Supplied information.
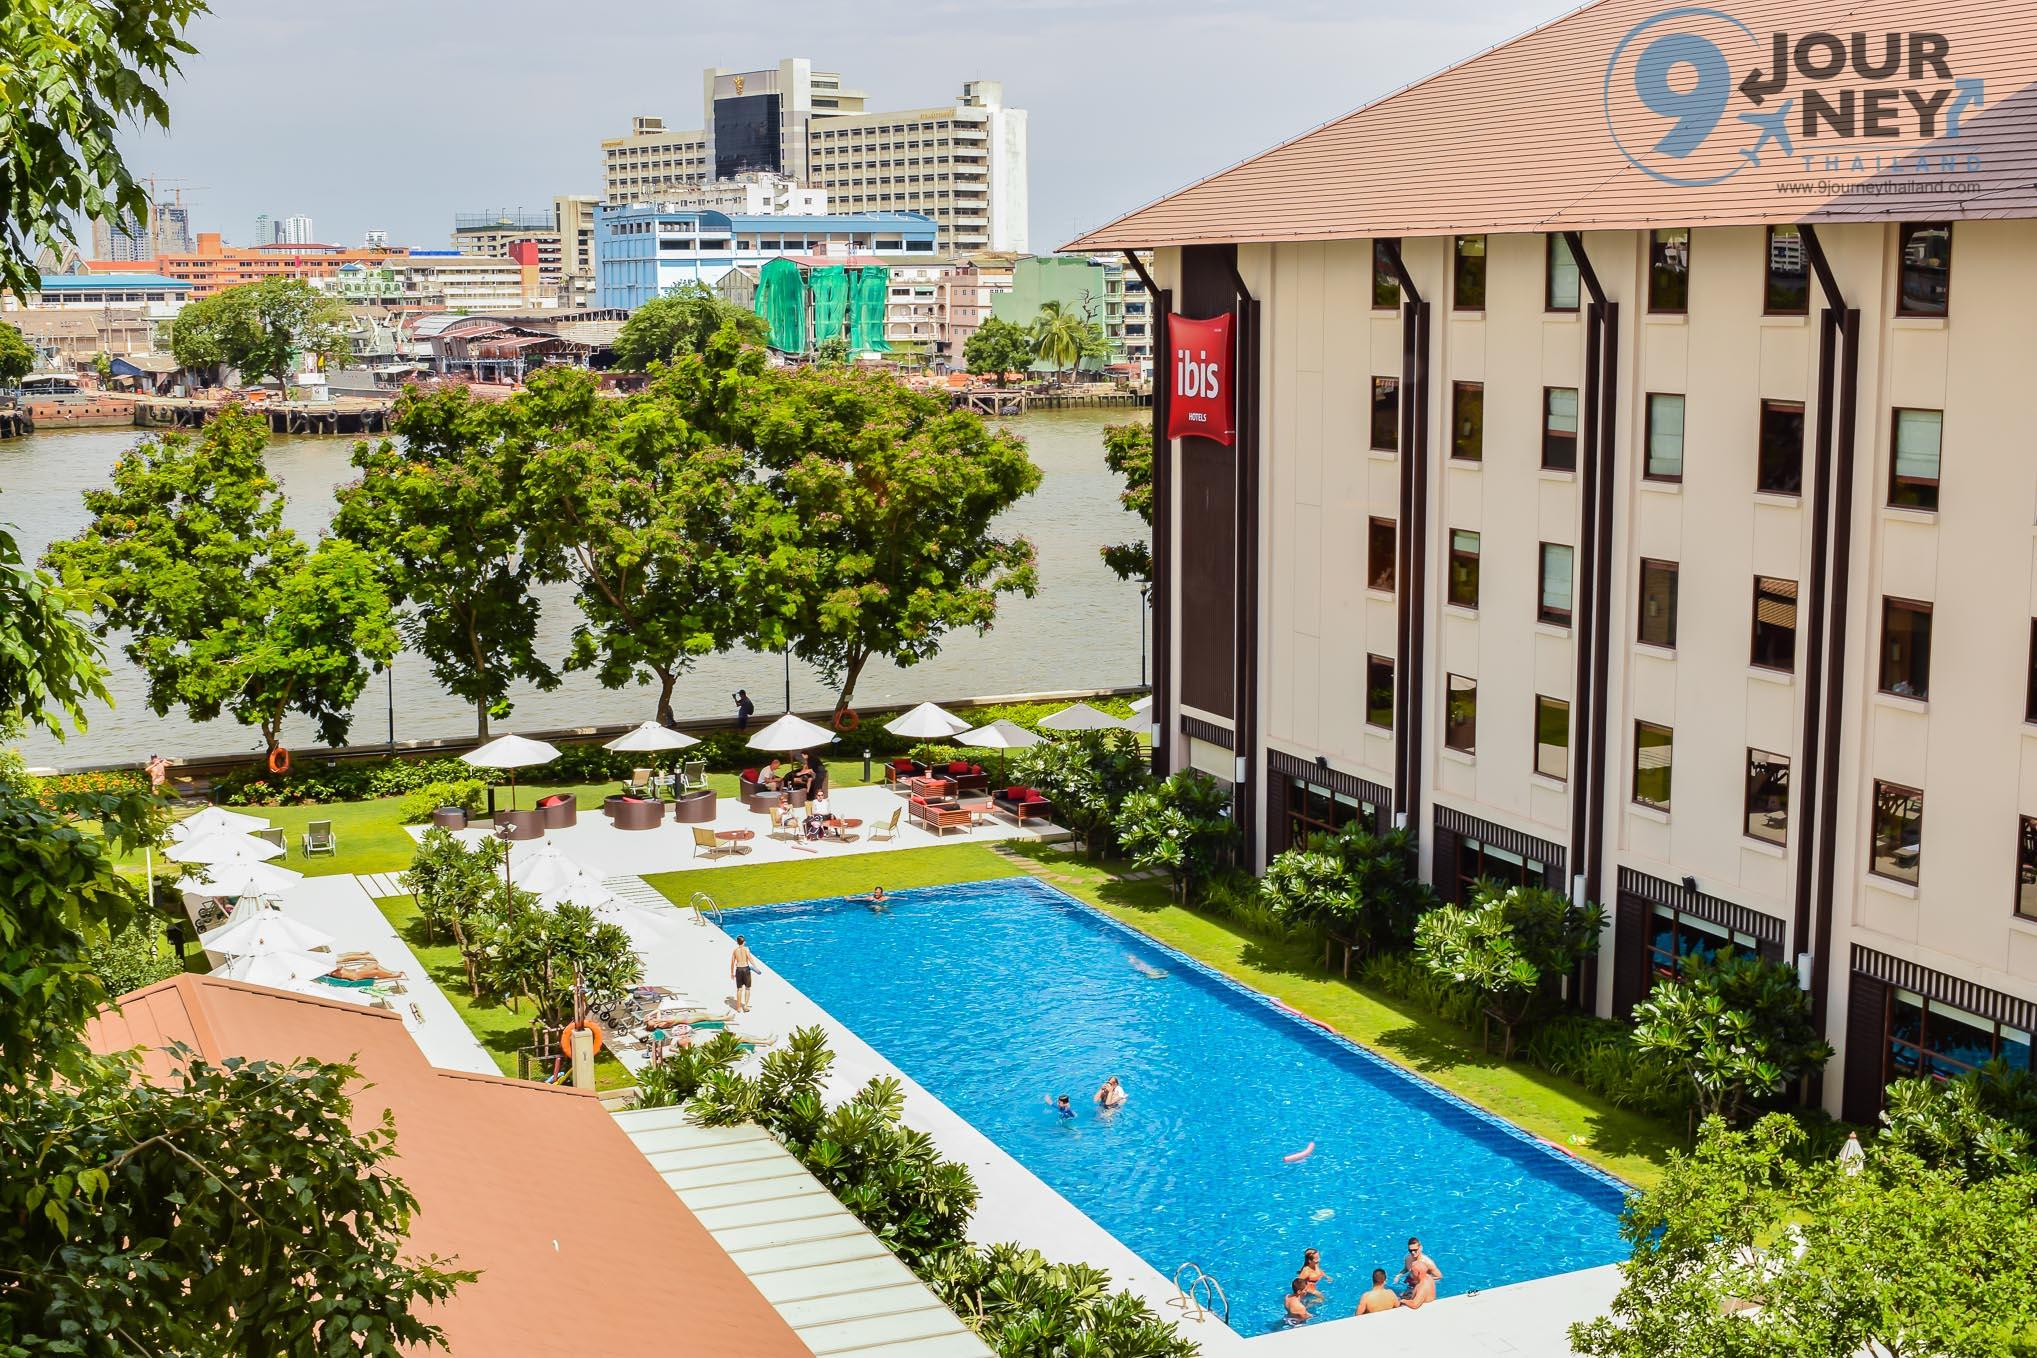 Ibis Bangkok Riverside 9journeythailand
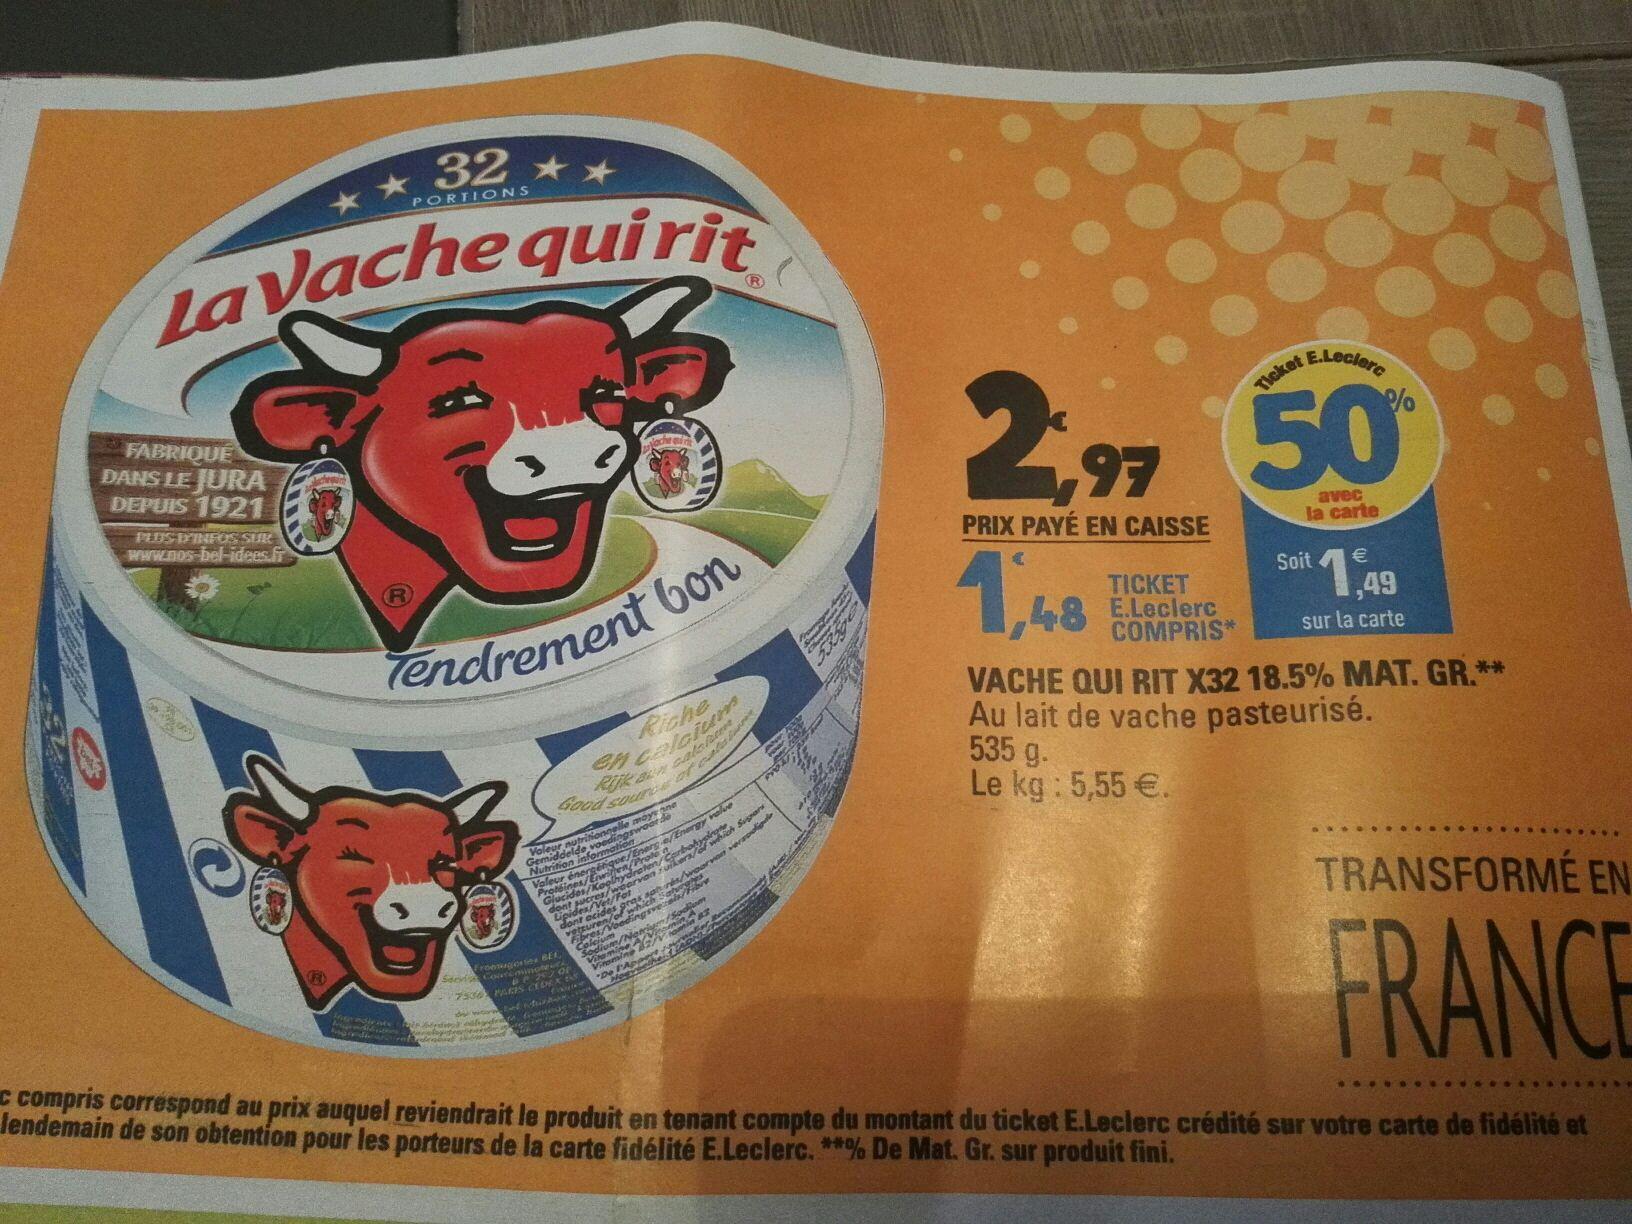 Sélection de produits en promotion - Ex: 2 Boîte de 32 portions La Vache Qui Rit (Via 50% sur la carte de fidélité + BDR)
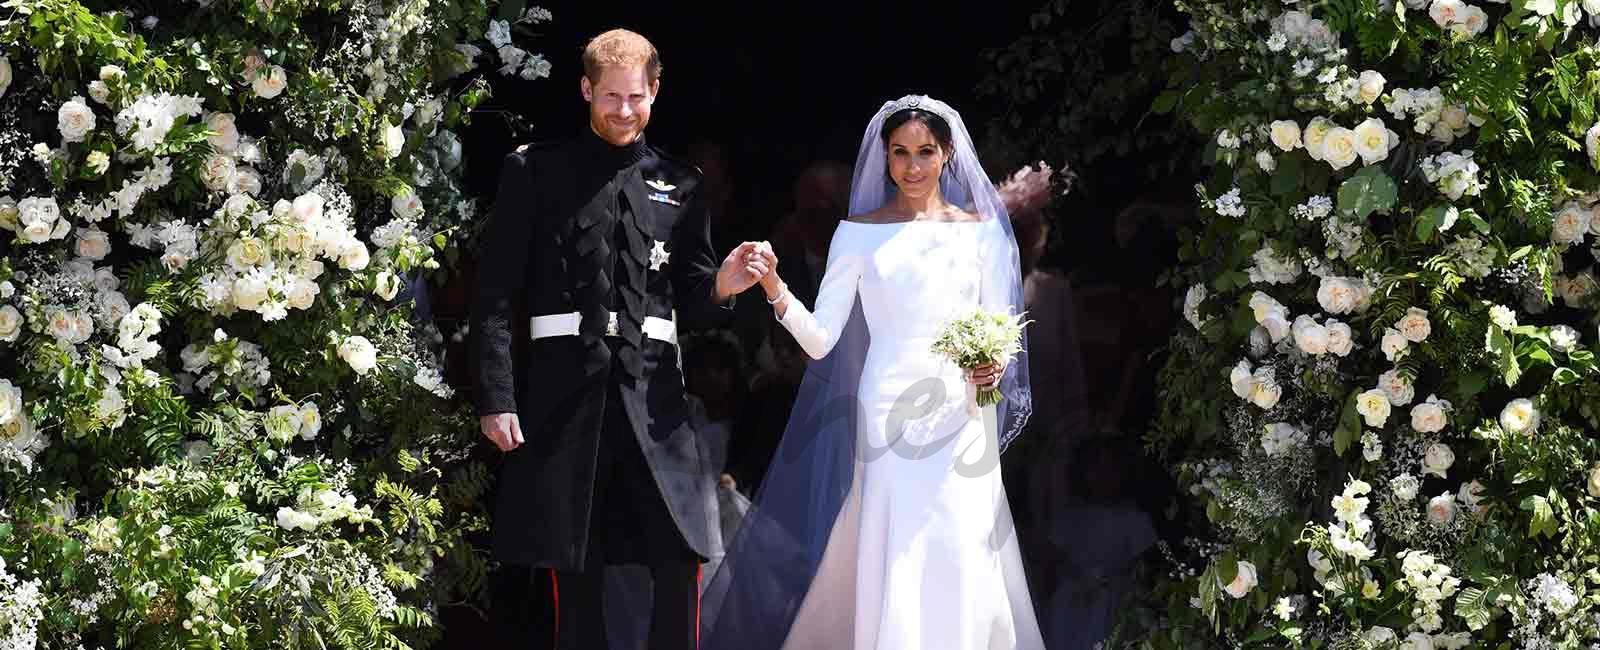 Meghan Markle y el príncipe Harry ya son marido y mujer

Task description.
Word for word, restate every line of the listing, omitting the pictures.

Response to this exercise.
 Ibis Bangkok Riverside 9journeythailand
 Sélection de produits en promotion - Ex: 2 Boîte de 32 portions La Vache Qui Rit (Via 50% sur la carte de fidélité + BDR)
 Meghan Markle y el príncipe Harry ya son marido y mujer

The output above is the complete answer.